Powerlink Queensland has several lines up to 330 km in distance, operating at 275 kV and 330 kV. These long lines are subject to summer storms with high lightning activity and ground flash density in some parts of the network can be up to 4 strikes/km2/yr. All faults are investigated and, if any flashed insulators are discovered, the entire string is replaced. Arcing horns are not fitted to NCIs or disc insulator strings since these reduce arcing distance as well as lightning performance. Third generation NCIs on Powerlink’s network have displayed high reliability and there have so far been only rare, isolated failures. The conclusion is that the above design practices, combined with emphasis on standardization of dimensions and ratings, has resulted in performance that has met expectations during initial project design.

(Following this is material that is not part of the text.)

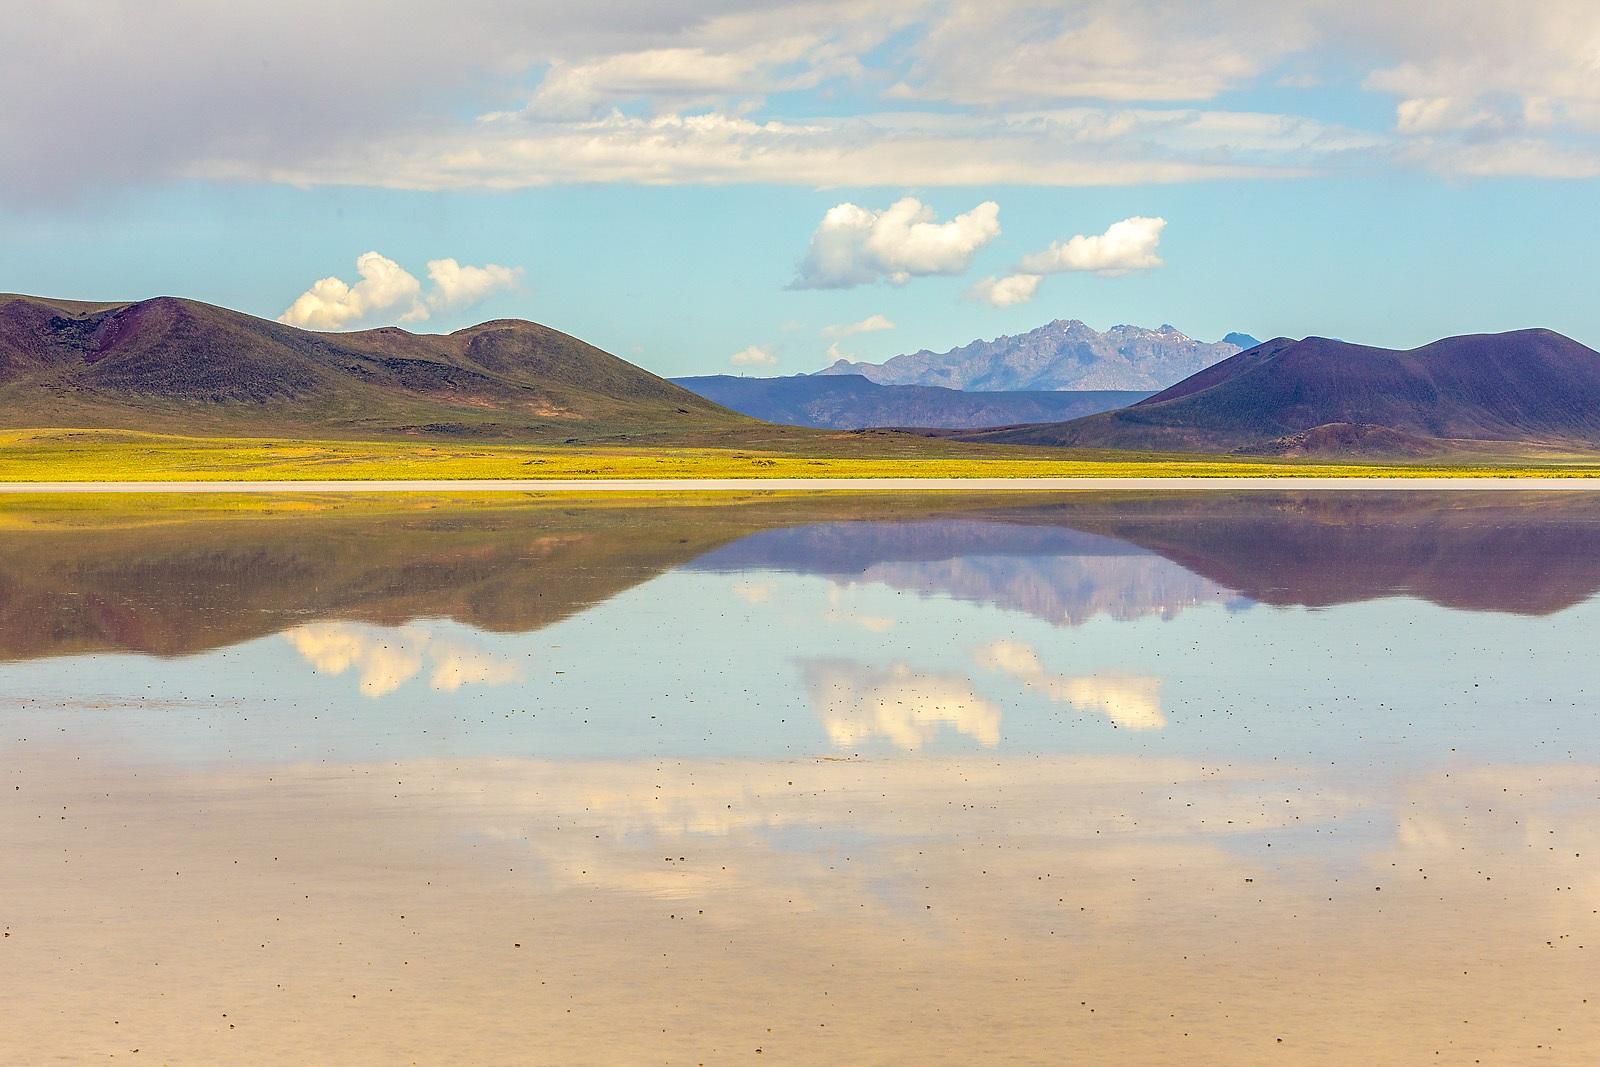 Nevada Scenic Landscape MG 1241 v2b  Lunar Lake

Impact of Construction Practices on End-of-Life

Construction Supervision & Quality Assurance

The high penetration of NCIs being installed over a relatively short time frame resulted in line contractors being exposed to a step change in insulator technology. This impacted construction methods and some initial problems attributed to contractor unfamiliarity with these insulators occurred during transport and handling as well as rigging and lifting NCIs onto towers, especially longer units for higher voltages. For example, torsional loading during termination of conductors into strain assemblies needed to be better considered. Similarly, it was necessary to ensure that lines workers did not walk on insulators to access conductors. To deal with these types of issues, a team of experienced inspectors worked alongside construction contractors to ensure everything was being performed in accordance with specifications. Moreover, regular training sessions were offered to inspectors on each project, covering usual topics as well as refreshers on NCI design, handling and precautions when erecting line materials. Indeed, the consistent reliable performance of Powerlink’s population of third generation NCIs can be largely attributed to the role that quality inspection and site supervision played during construction.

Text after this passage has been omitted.